Damn, but the aroma of fermented and cured dairy product is strong in the first part of the two-part season finale of Doctor Who. Now, I don’t say that’s necessarily a bad thing… in fact, tonight’s episode was among other things a pleasantly nostalgic call-back to the “classic” (that is, Sixties and Seventies non-existent budget) version of the show. And that’s all I have to say about that.
Except… can I just say once and for all I am sick of Daleks? I no longer find them scary at all (well, I never did, but now even the tension from the dramatic possibilities inherent in the show is gone), which sort of makes it difficult for me to sympathize with the fear of the characters upon hearing that familiar “Exterminate! Exterminate!” All I can say if that means they get the likes of Rosie O’Donnell and whoever that idiot is who came up with those disturbing Burger King commercials — now they have one with a Burger King “kid” in a mask, who comes off more as one of those malevolent dwarfs that were always appearing in German avant-garde movies — then I say “Go, Daleks!” There is one exception, however… I just loves me some Dalek Caan. Isn’t he (er. he? it?) just the loveliest crazy boneless octopussy-alien in a tank that you ever did see? I just wanted to pick him up and cuddle him when he started singing about “the three-fold man” and “endless death.” Cute!
More observations: the actor who plays Ianto has really been hitting the pasties lately. Get that boy jogging or something. And here’s something I’ve been wondering — has David Tennant been hitting the cigarettes lately, or what? (Or was he over the course of filming these episodes, which was a few months ago I think.) His voice has been increasingly deeper and hoarser in each episode. I’ve heard complaints about Billie Piper’s (the actress who plays Rose) voice in these later episode but it just sounds like she let the assumed chav-speak get a bit more posh, to reflect either her real accent or her increased status in position in the parallel world her character ended up in two years ago. It’s Tennant’s voice that I noticed more, and no, not for the obvious reasons… he should get his vocal chords checked, that’s all. I mean, he’s going to be on stage this year, so he doesn’t want to have to take time off to have any nodes scraped off them like Elton John had to do, does he? Hey, I might not be a mother, but I have cats, so I do worry.
Look! The Torchwood crew can communicate without using the words “fuck” or “shit.” It can be done!
The last thought so far: I can’t believe Russell T Davies wrote this meshugas, but also penned the tight little psychological thriller that was the episode “Midnight.” Well, even Homer nodded, or so I have heard.

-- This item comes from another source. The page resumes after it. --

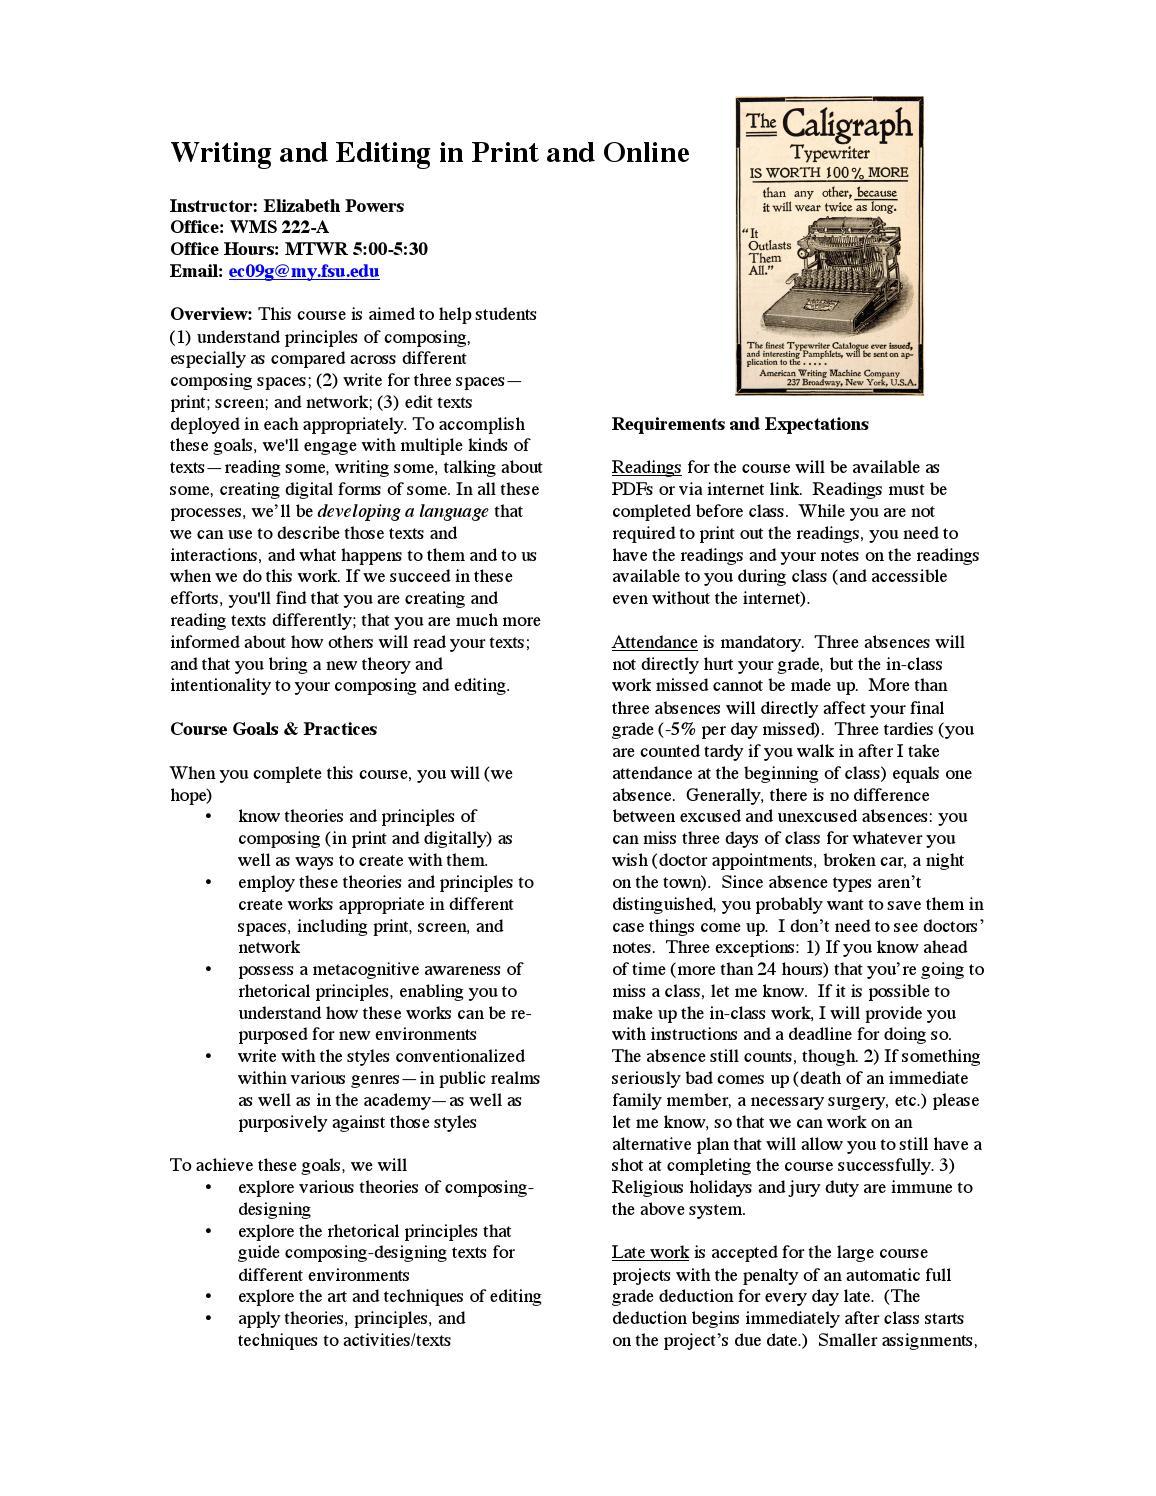 Wepo syllabus by Elizabeth Powers - issuu

PS: thanks to everyone who has donated to the Summer Fundraiser so far! It’s thanks to you that I might be able to keep the electricity on. Can’t watch stupid British scifi kids teevee stay on the internet without electricity.
Update: oh yeah, one more thing… the Scifi Channel has apparently given up on even pretending to guard against spoilers, and has bowed to the supremacy of the internet, because unlike people in the UK we here in the States got previews from next week. So even those of us who have not been hitting the Wikipedia and BBC Doctor Who pages like monkeys on crack now know that (spoilers below, because I am not so unkind)
Read the rest of this entry »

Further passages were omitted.